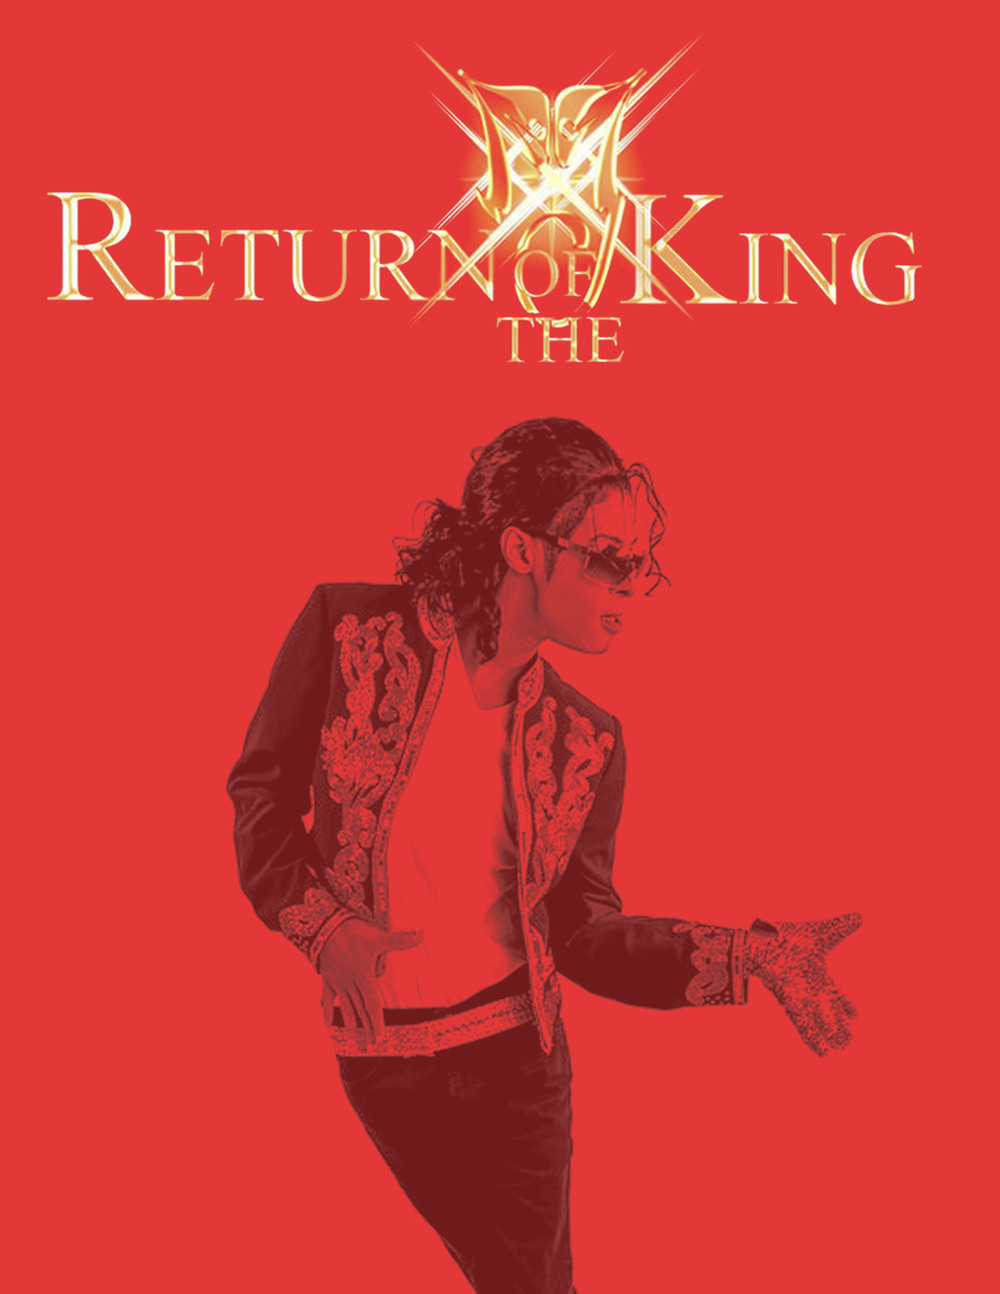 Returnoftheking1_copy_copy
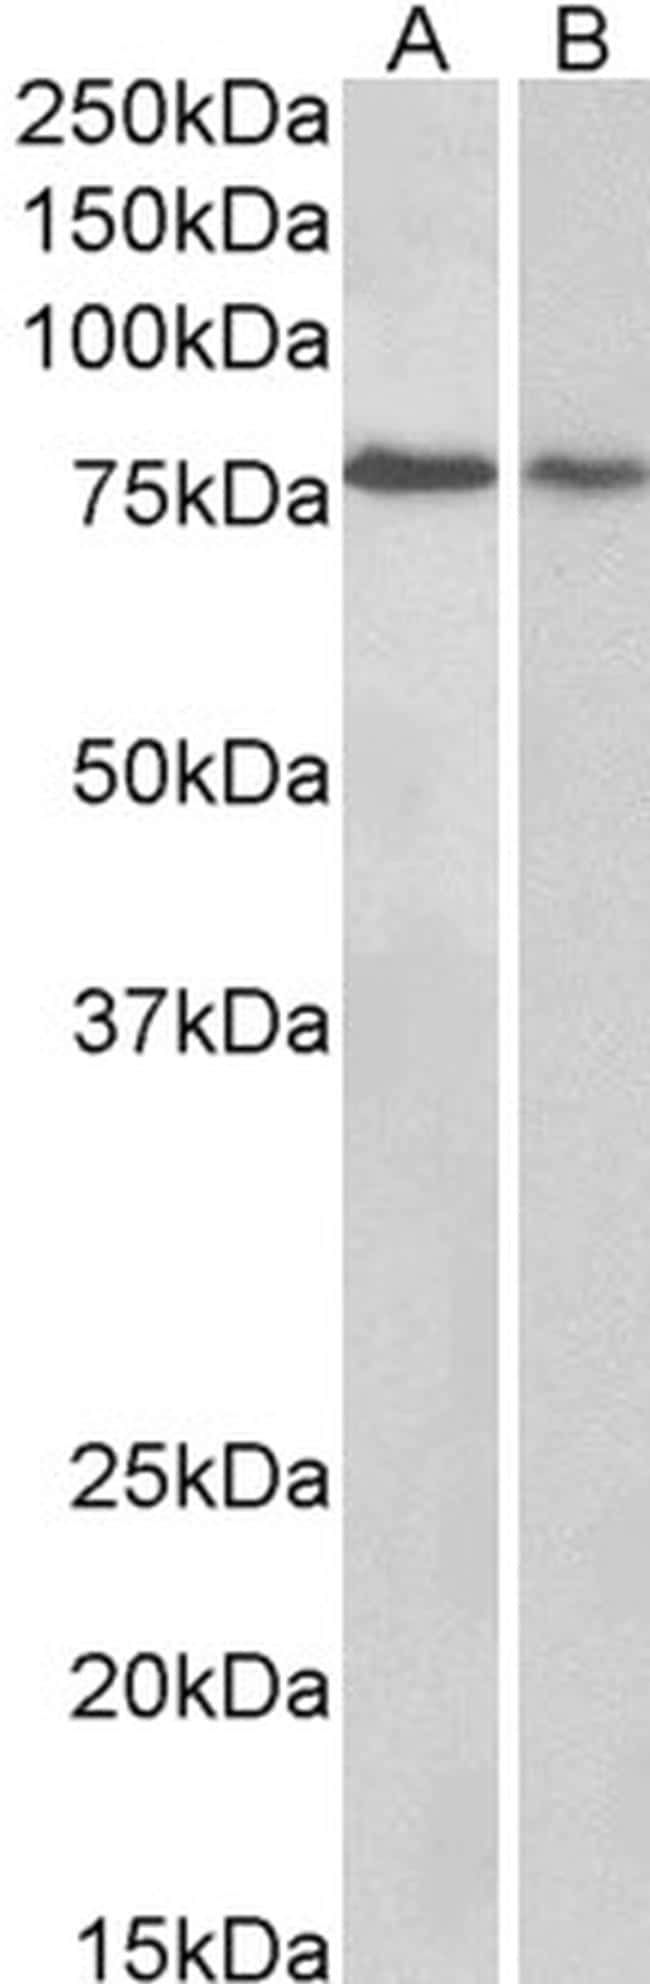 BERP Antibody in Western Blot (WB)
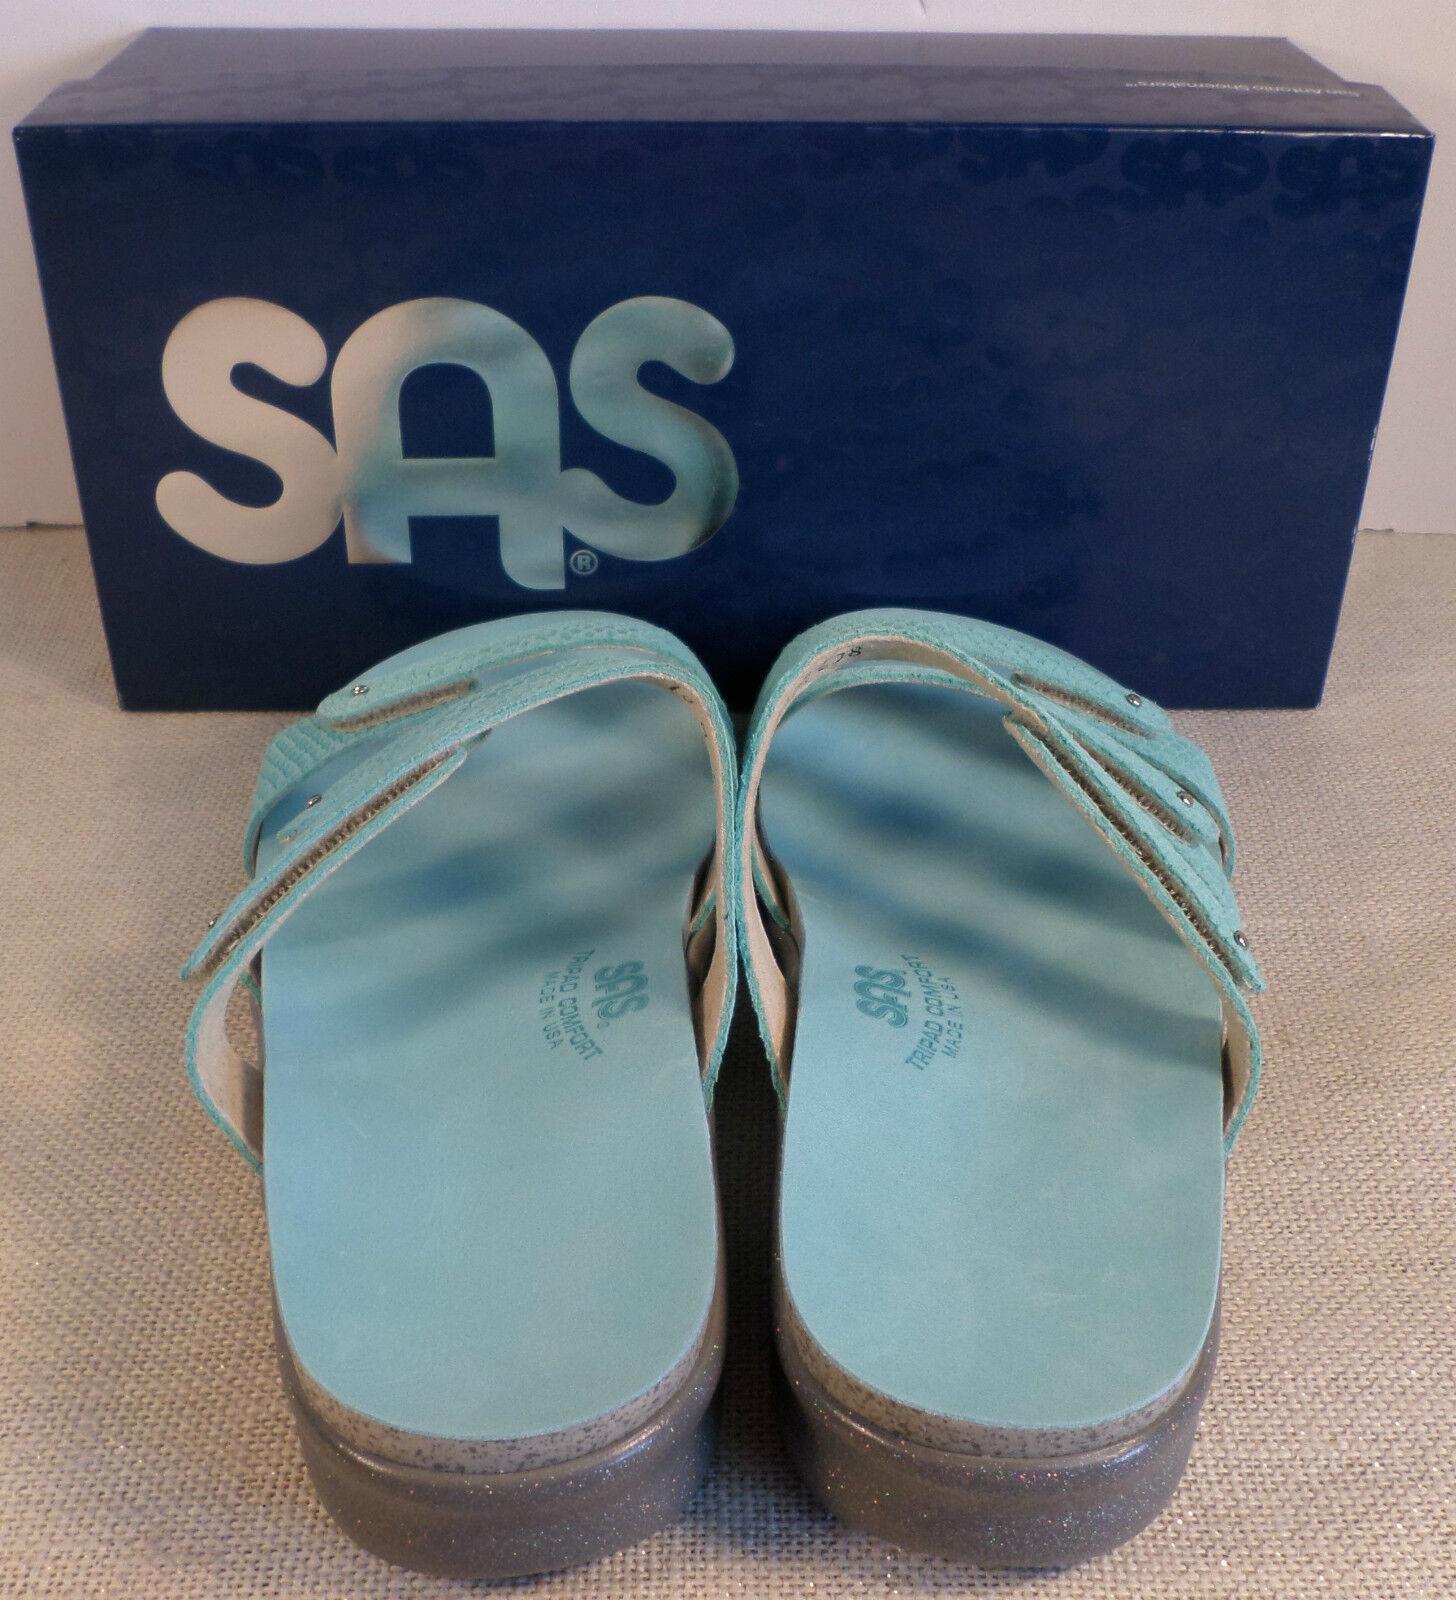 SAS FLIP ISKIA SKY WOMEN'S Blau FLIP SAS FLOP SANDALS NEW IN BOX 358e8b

*Exercise*. Repeat verbatim the lines from the one with "BERP Antibody in Western Blot (WB)" through the end of the listing above. Include both ends, add nothing, and exclude the pictures.

*Written reply*.
 BERP Antibody in Western Blot (WB)
 SAS FLIP ISKIA SKY WOMEN'S Blau FLIP SAS FLOP SANDALS NEW IN BOX 358e8b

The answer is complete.